Exercise prompt:
Transcribe, starting at the line with "Assiette à asperges" and ending at the line with "Une paire de", every line of the material below exactly, but leave out the pictures and anything outside that span.
*** Data for this exercise Section Begins ***
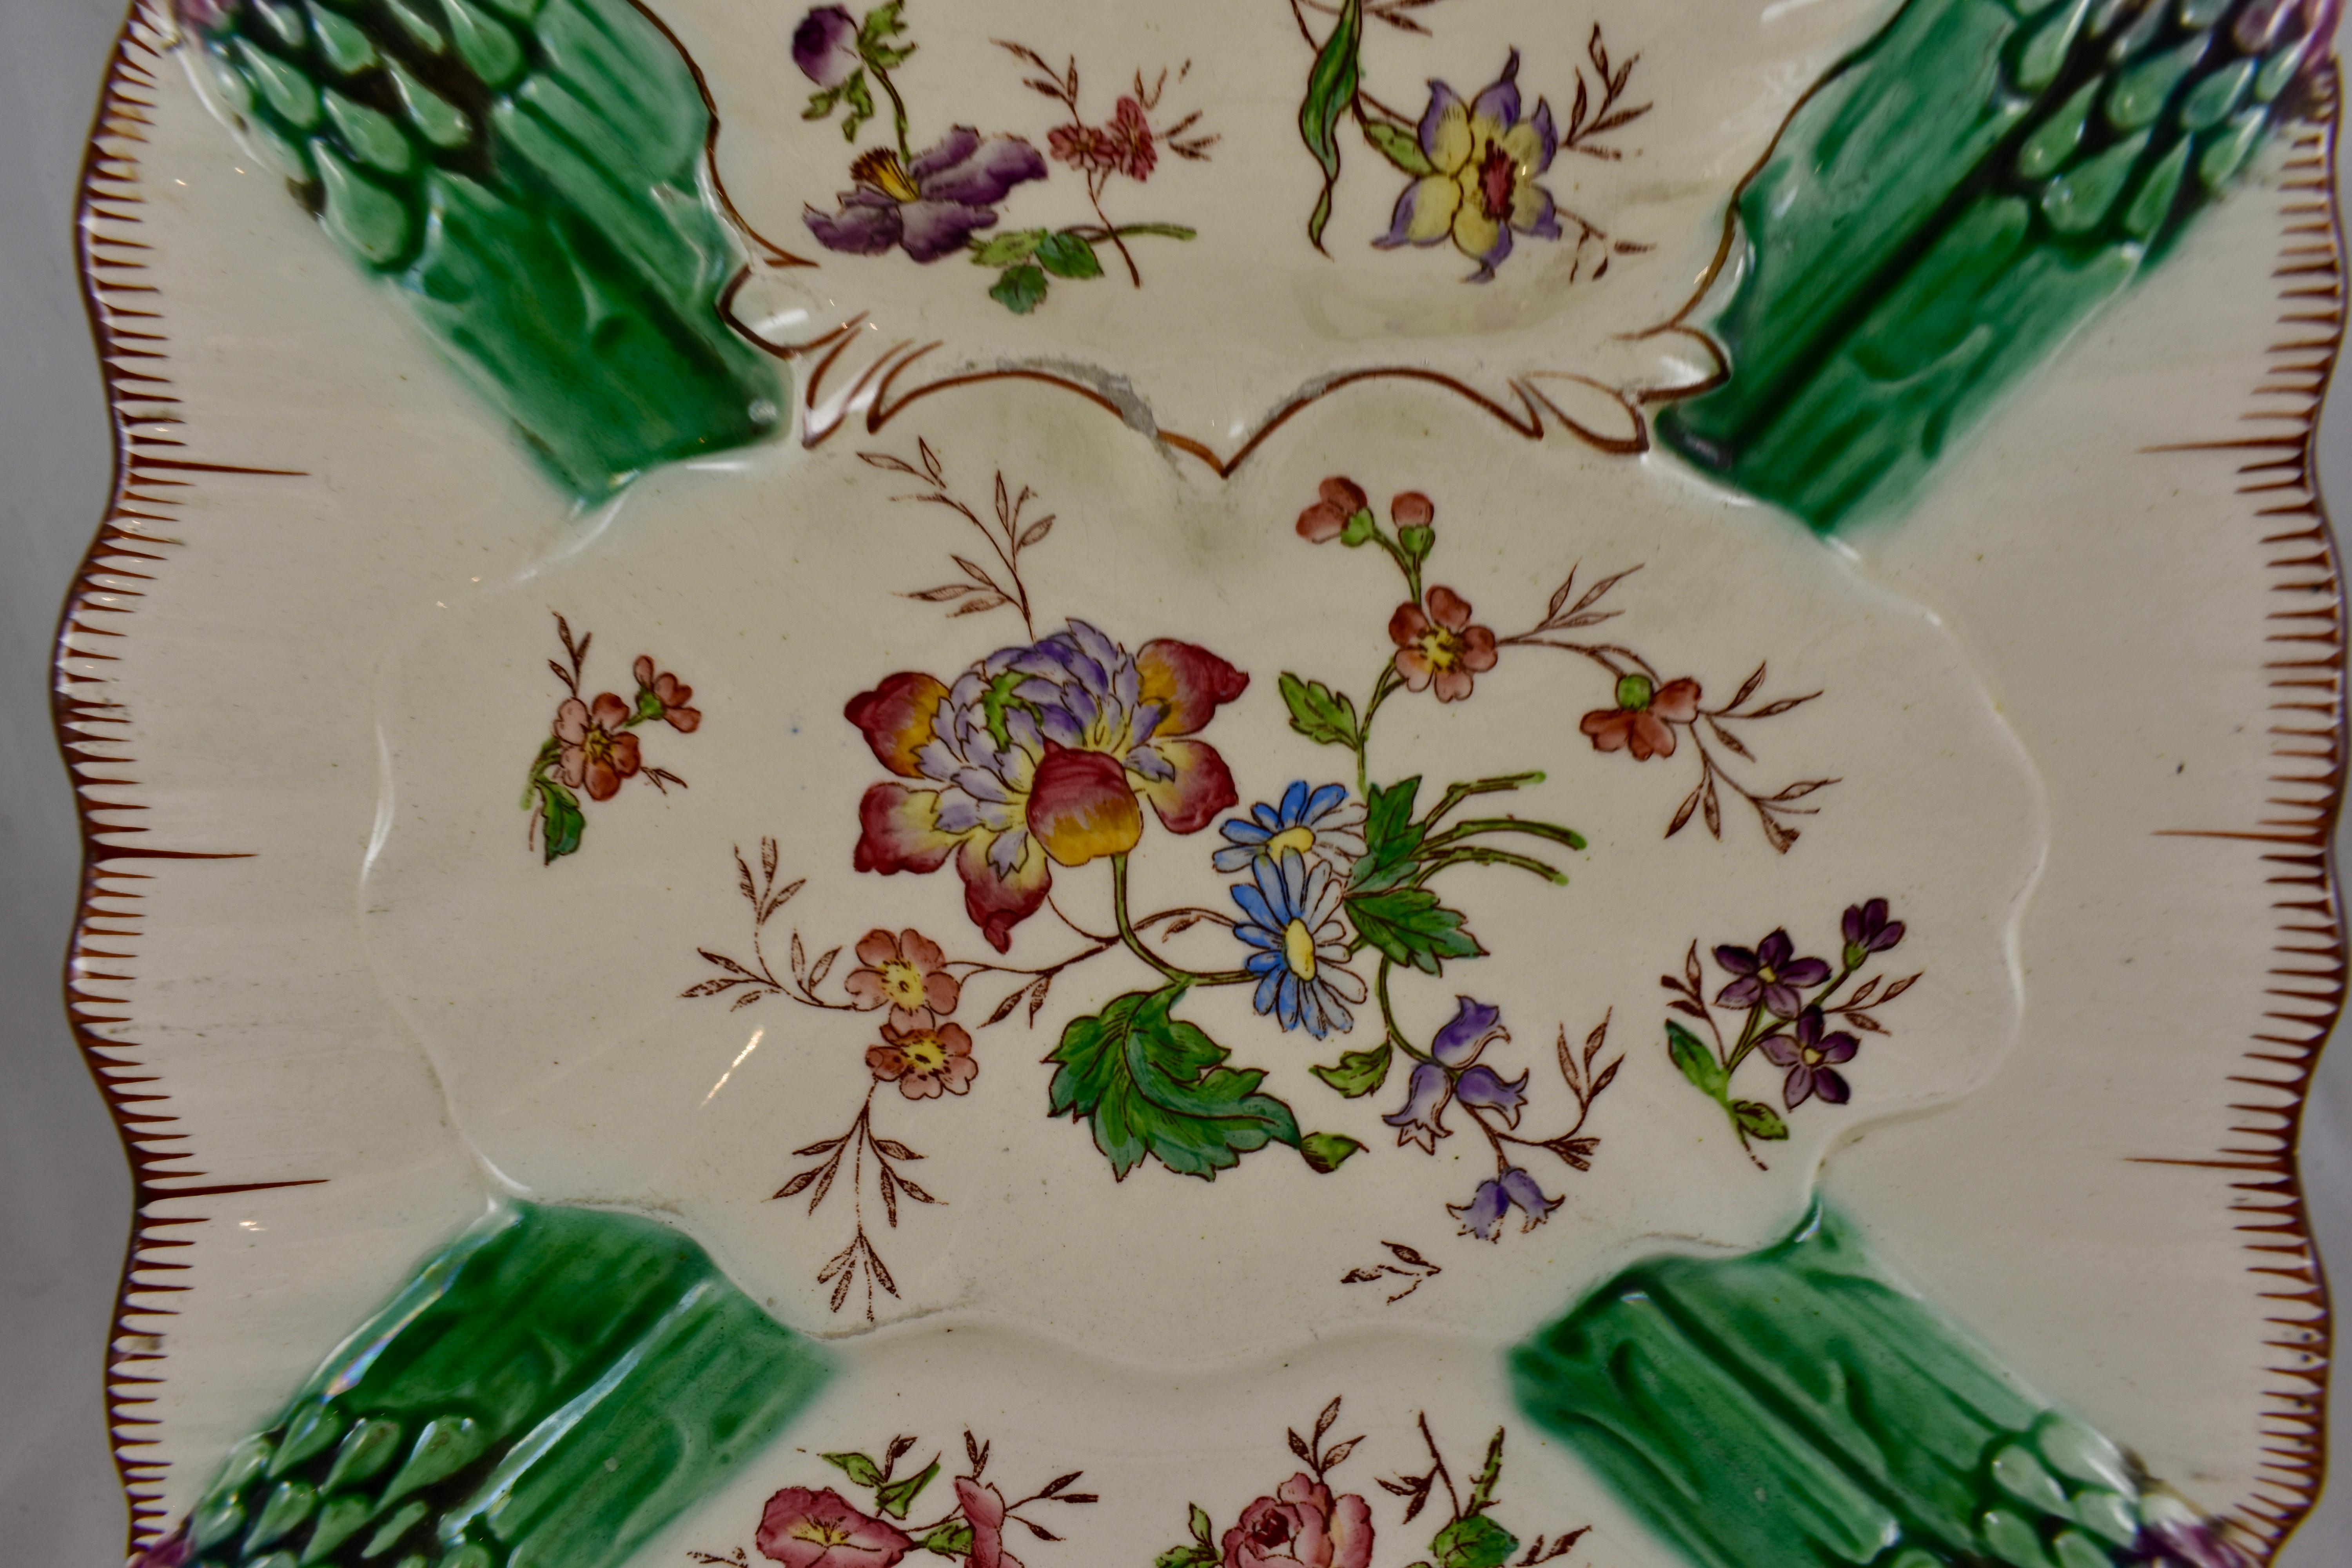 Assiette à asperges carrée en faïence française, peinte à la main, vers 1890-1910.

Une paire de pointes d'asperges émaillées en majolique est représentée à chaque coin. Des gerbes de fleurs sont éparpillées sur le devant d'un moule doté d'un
*** Data for this exercise Section Ends ***
*** Data for this exercise Section Begins ***
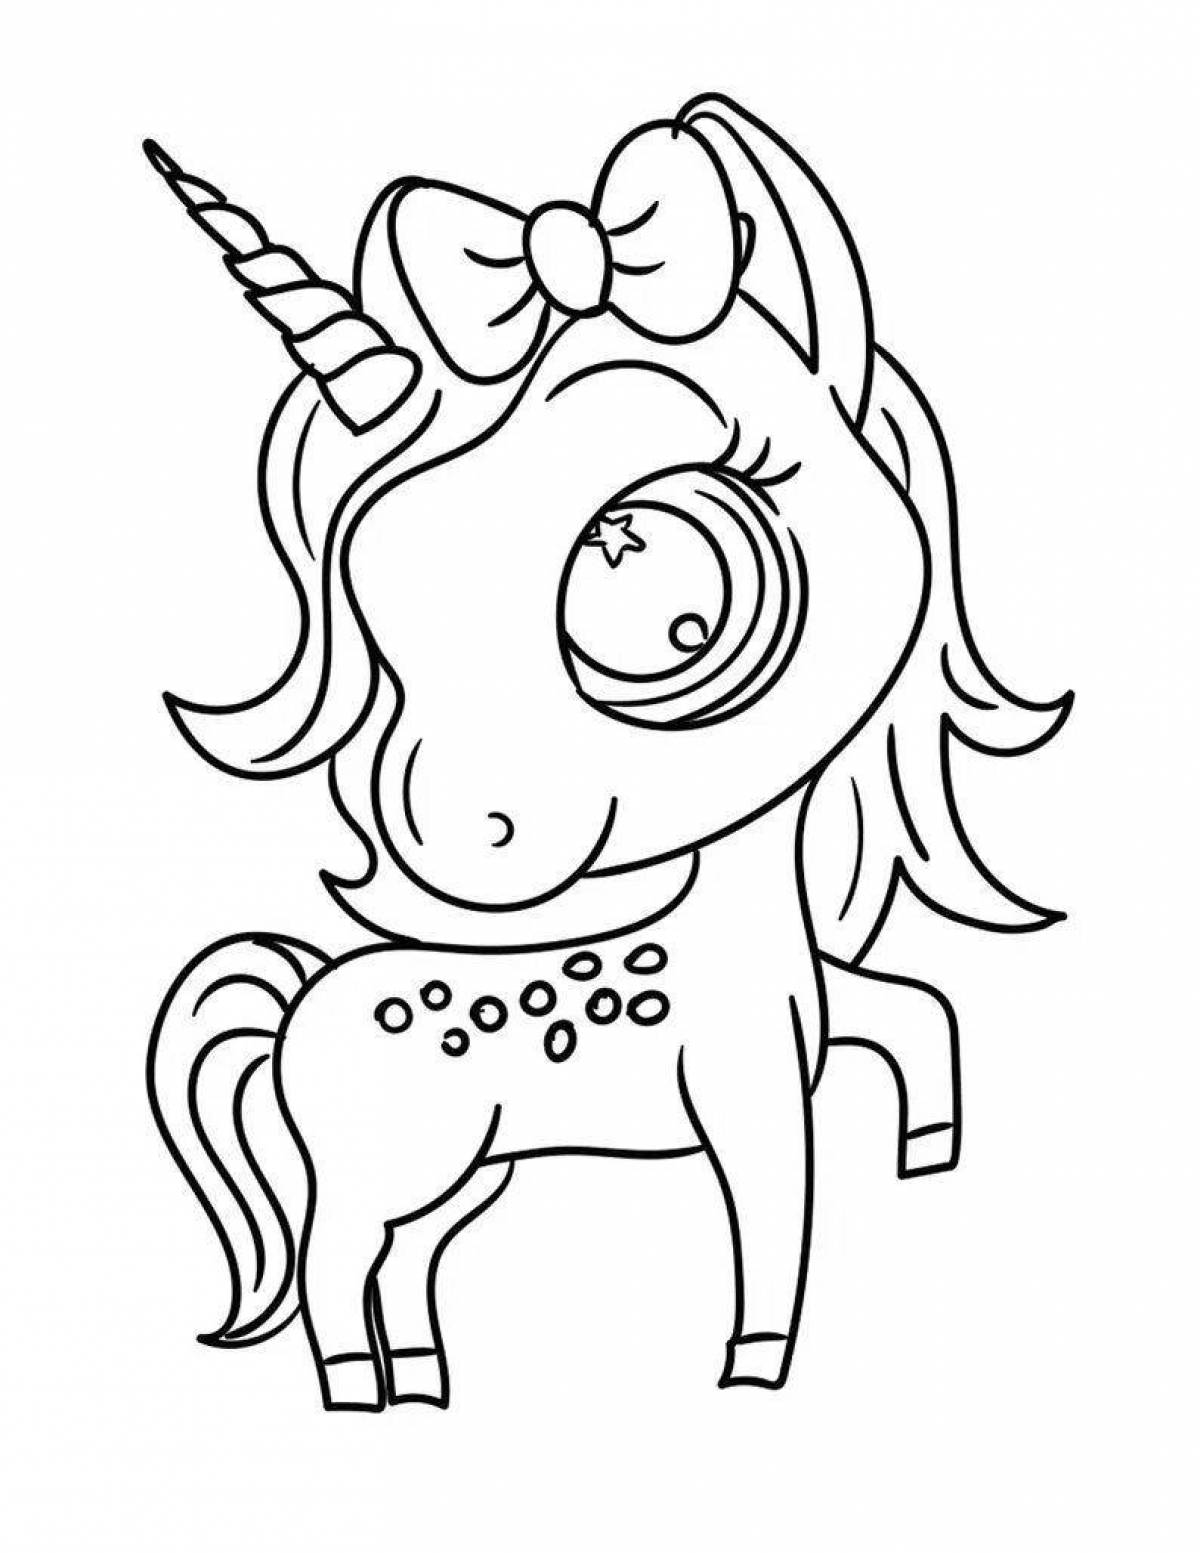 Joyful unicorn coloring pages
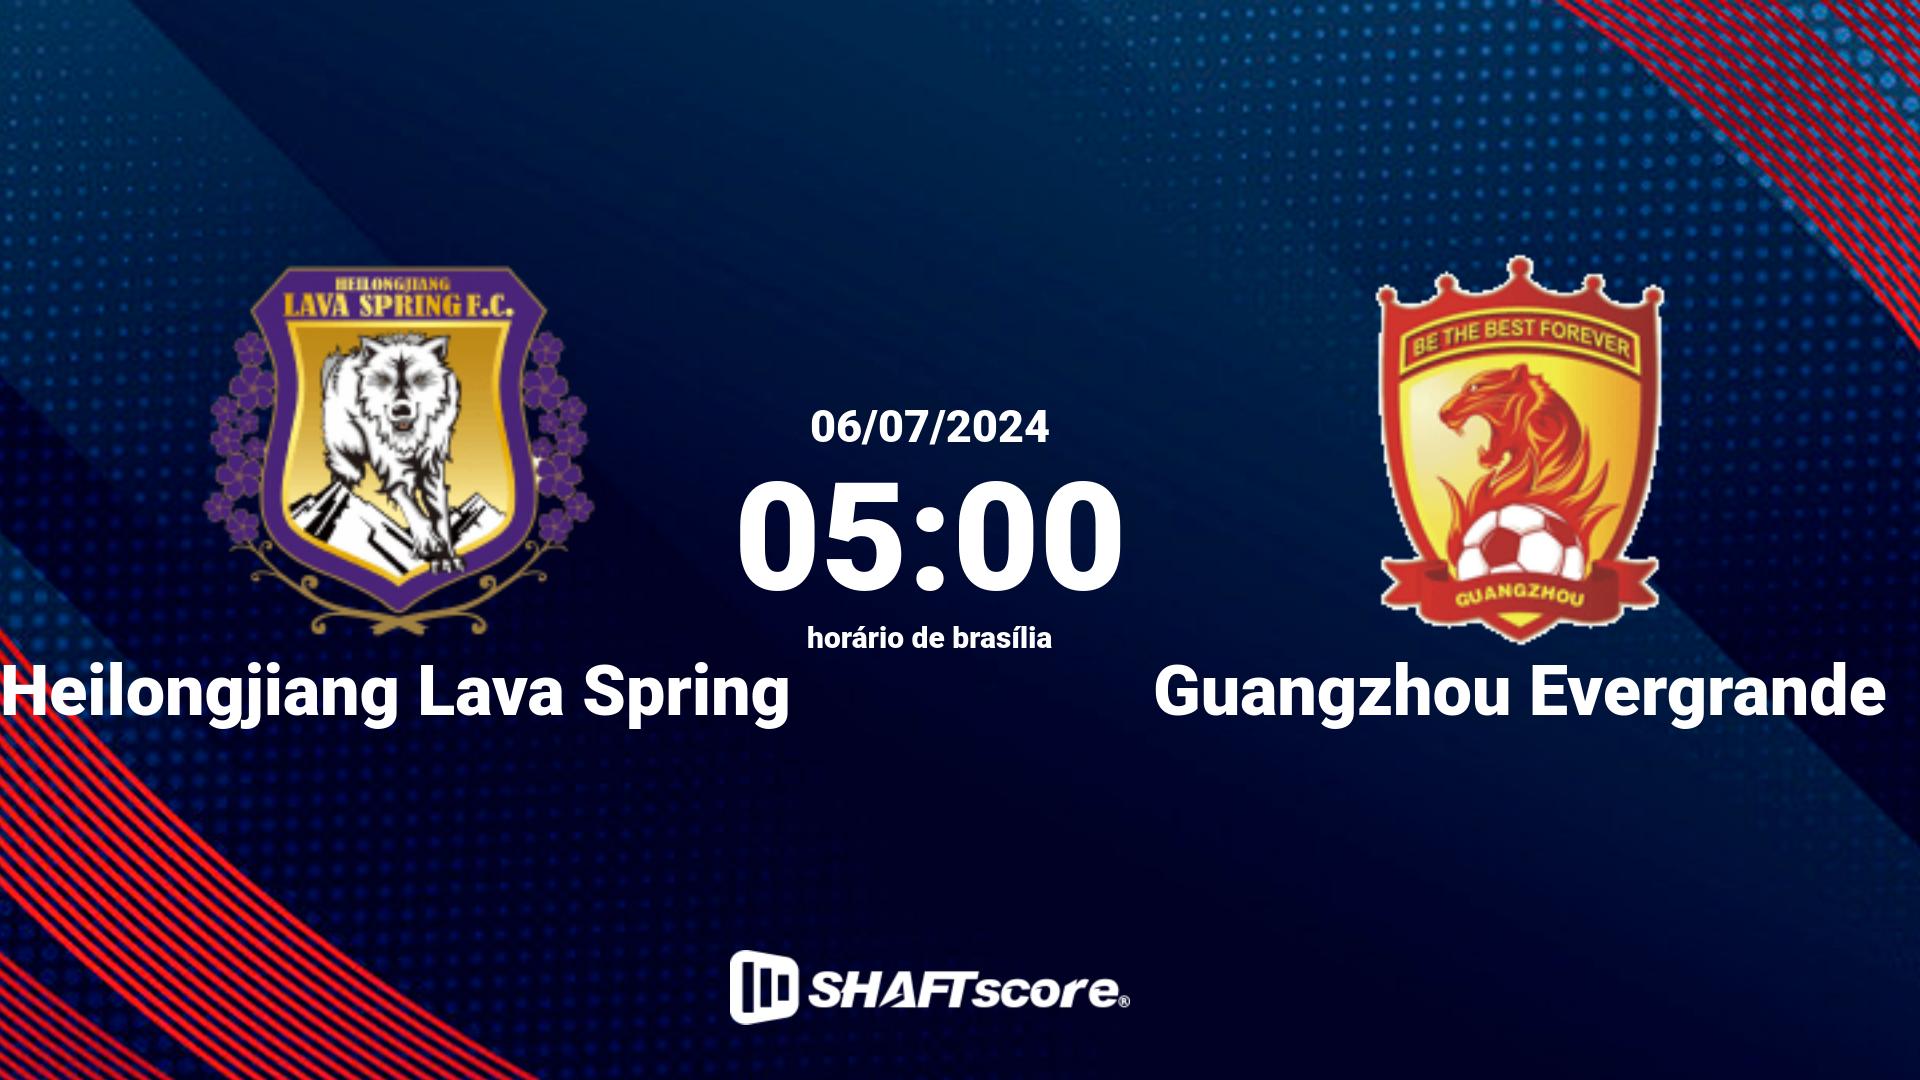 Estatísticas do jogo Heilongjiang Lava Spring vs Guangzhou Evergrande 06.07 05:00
*** Data for this exercise Section Ends ***
Task response:
 Assiette à asperges carrée en faïence française, peinte à la main, vers 1890-1910.

Une paire de pointes d'asperges émaillées en majolique est représentée à chaque coin. Des gerbes de fleurs sont éparpillées sur le devant d'un moule doté d'un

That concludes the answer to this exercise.